Exercise aim
Only the lines from the one holding "Ethan Martin on" through the end of the material are to be repeated, exactly and without pictures.

Dataset section
=== Section Start ===

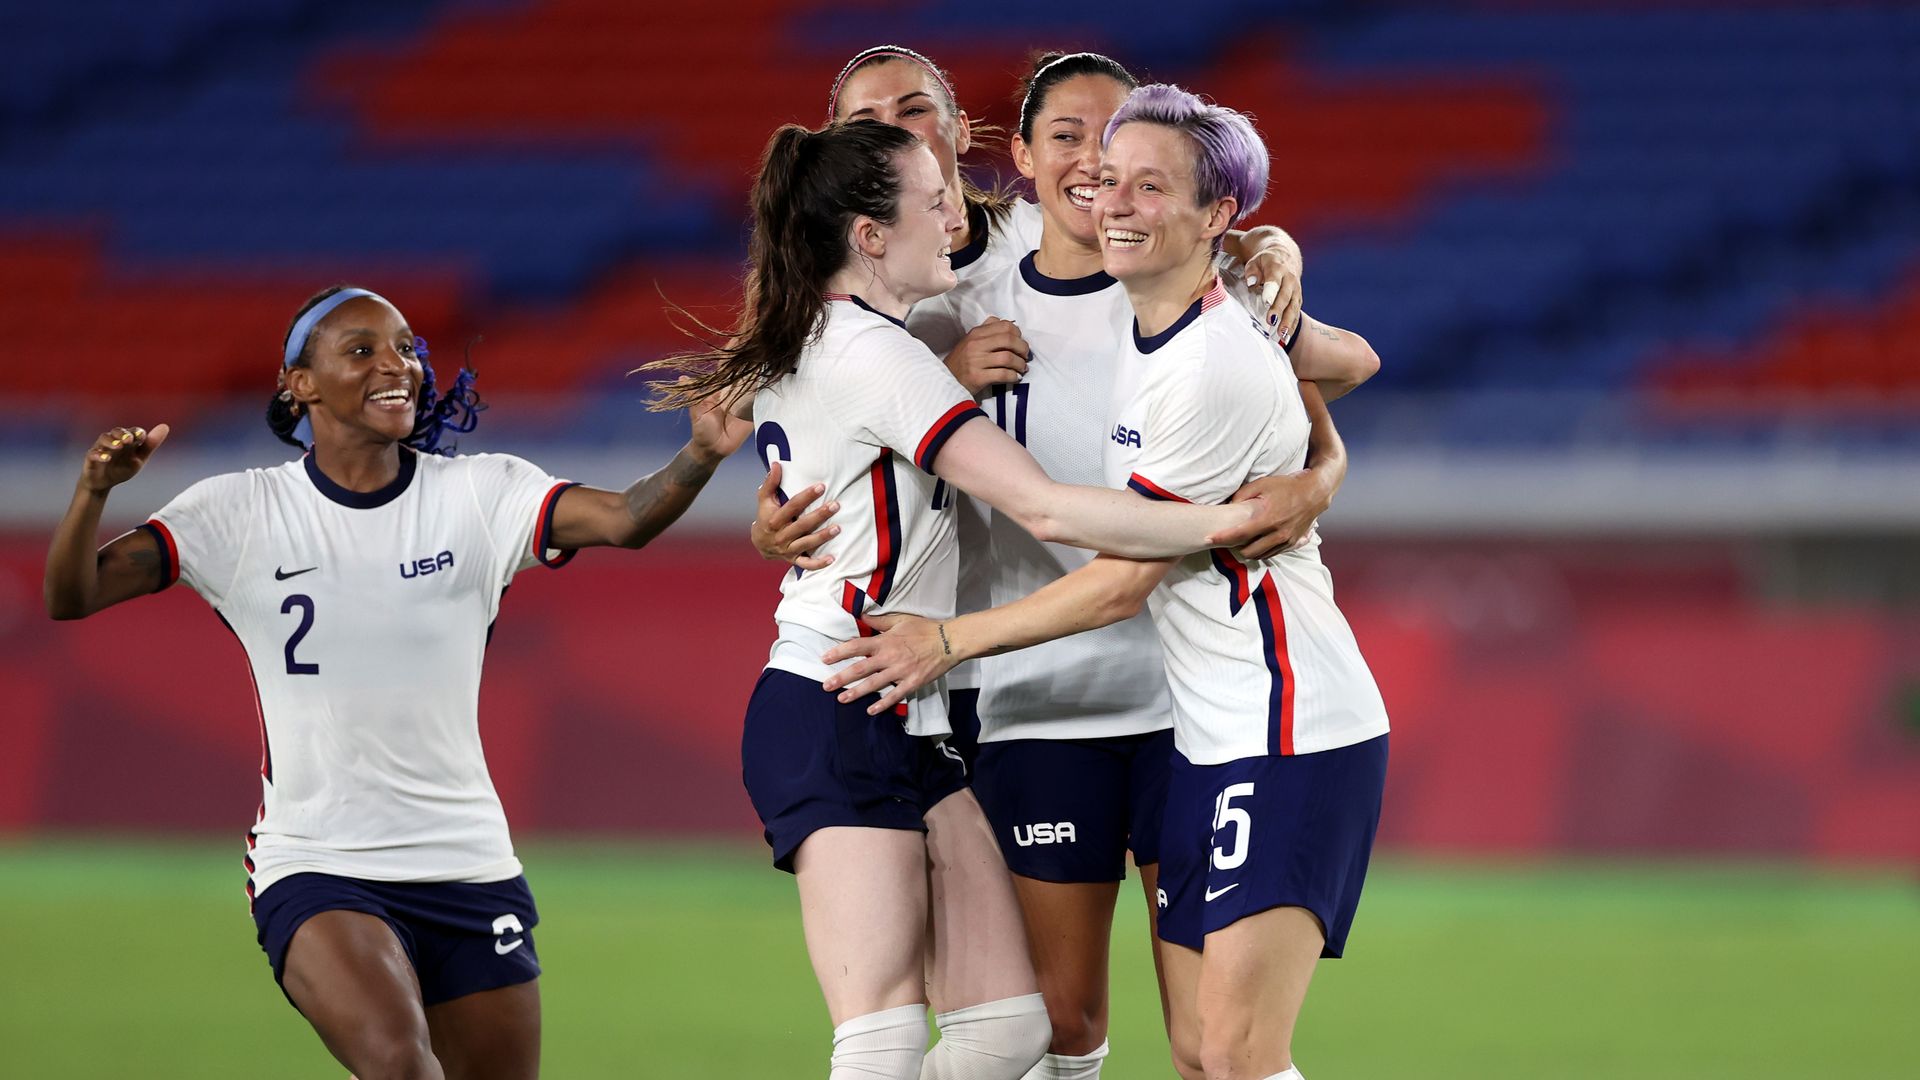 Image of the U.S. women's soccer team celebrating their victory after a penalty kick shootout.
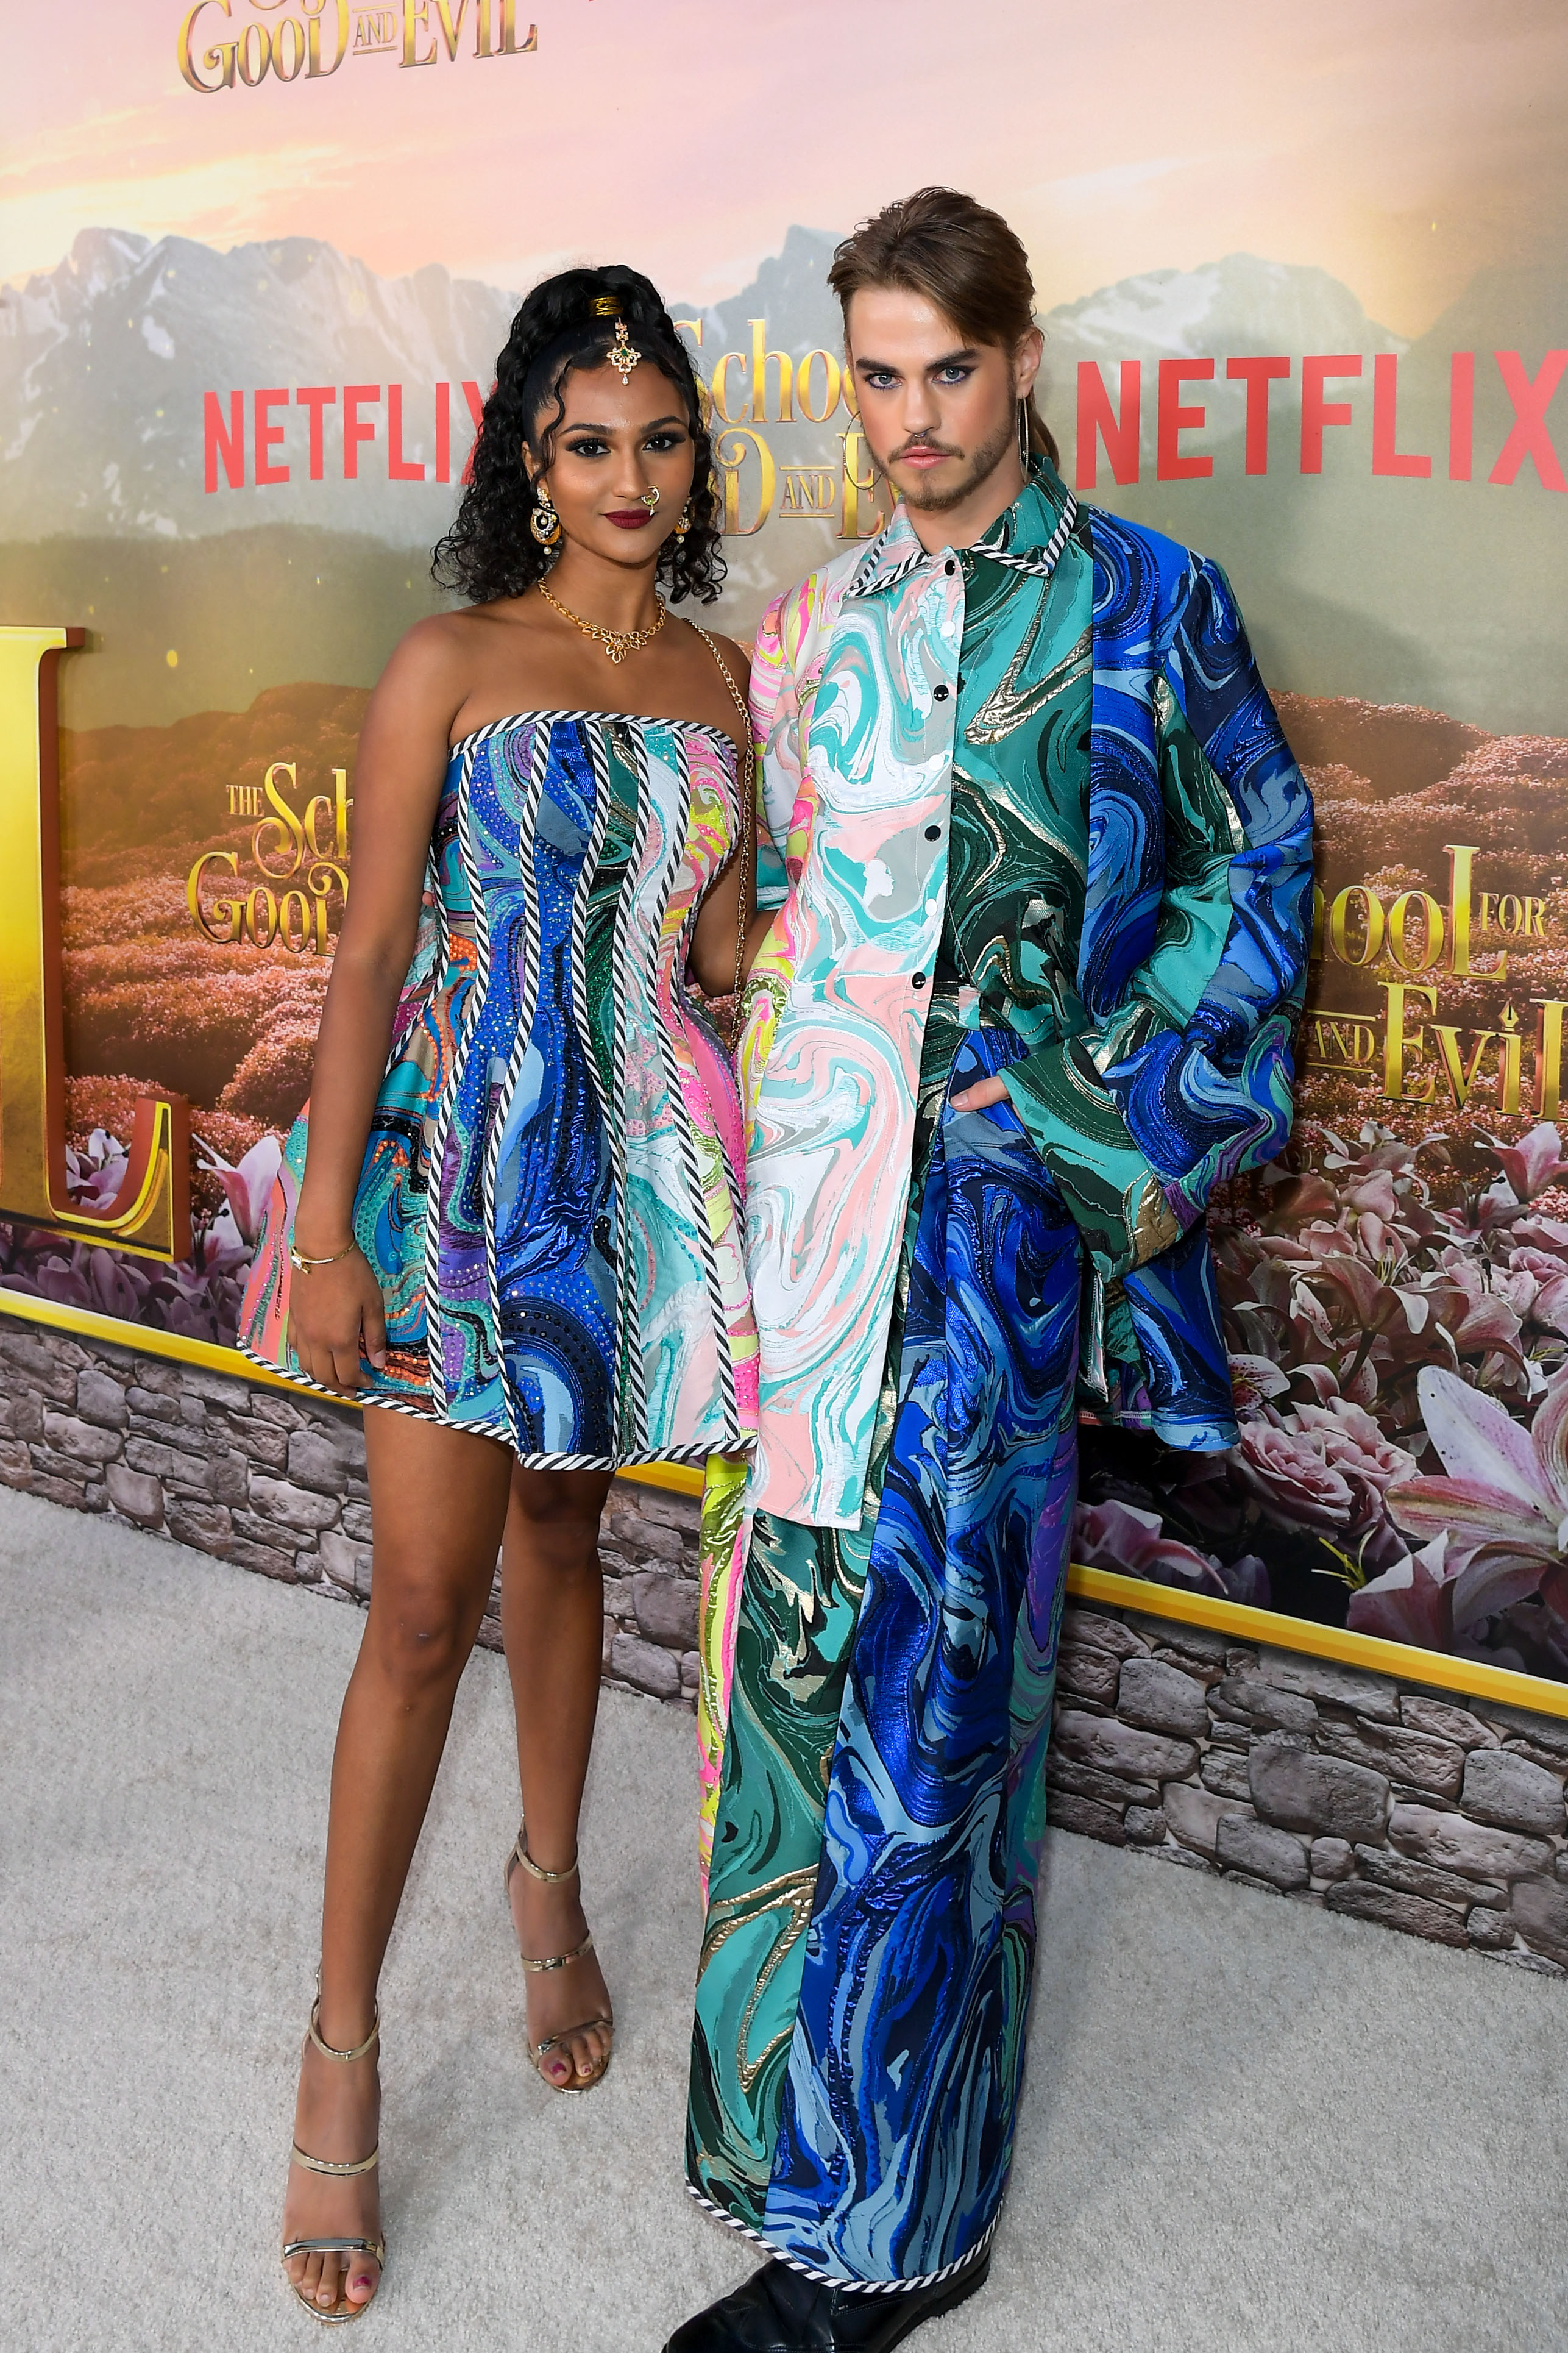 Ethan Martin on the red carpet with influencer Raasi Bommu of Netflix premiere of The School For Good and Evil
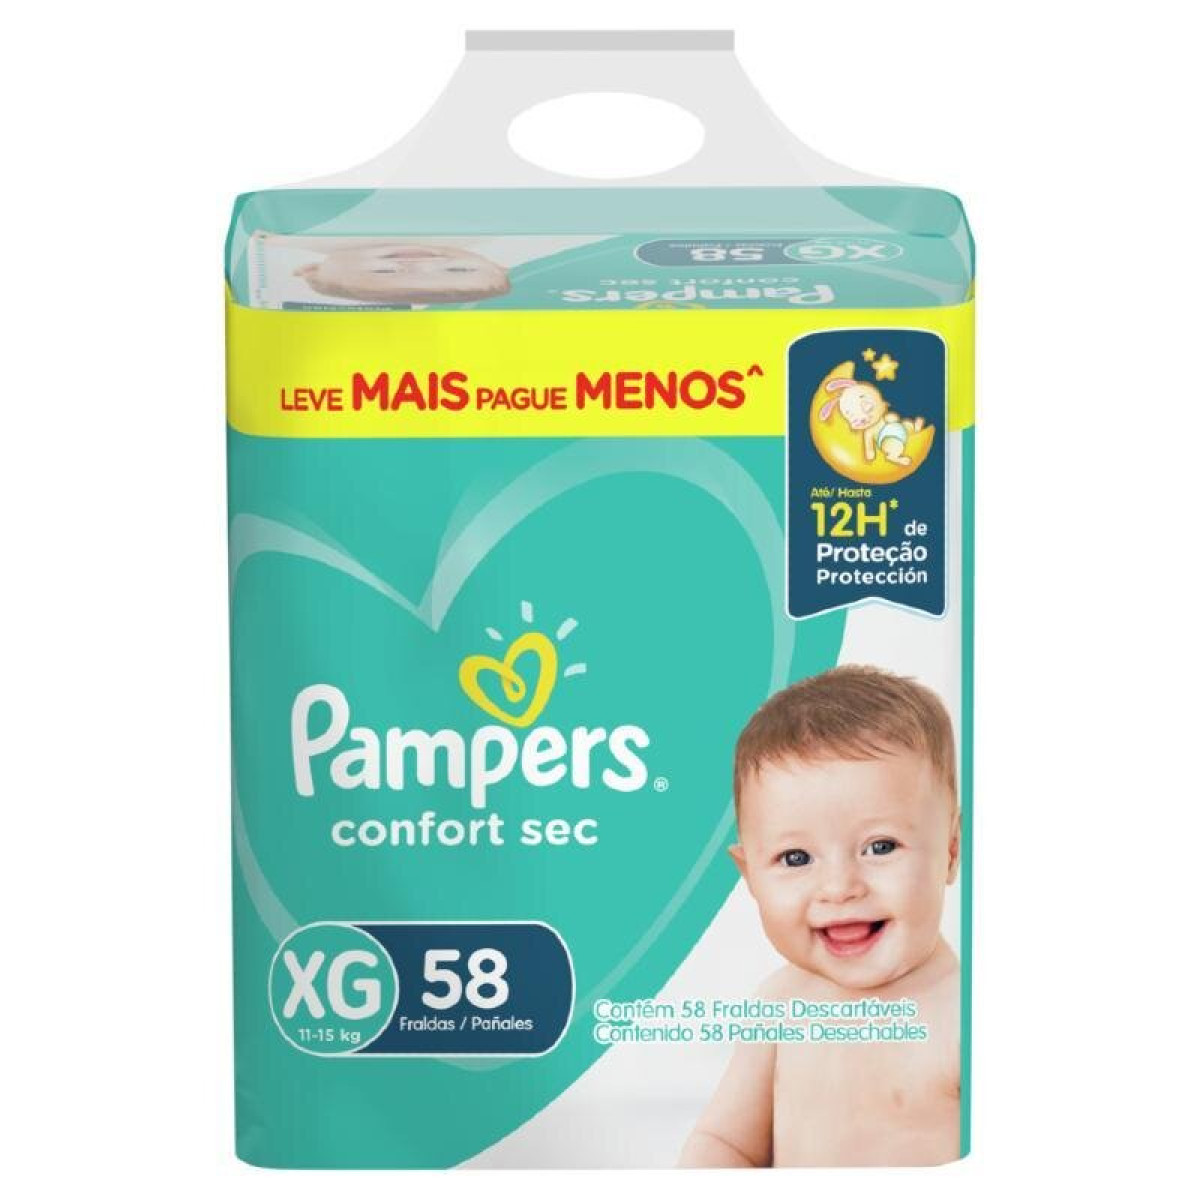 PAMPERS PANAL COMFORT XG X 58 UNID

=== Section End ===

Answer box
 Ethan Martin on the red carpet with influencer Raasi Bommu of Netflix premiere of The School For Good and Evil
 PAMPERS PANAL COMFORT XG X 58 UNID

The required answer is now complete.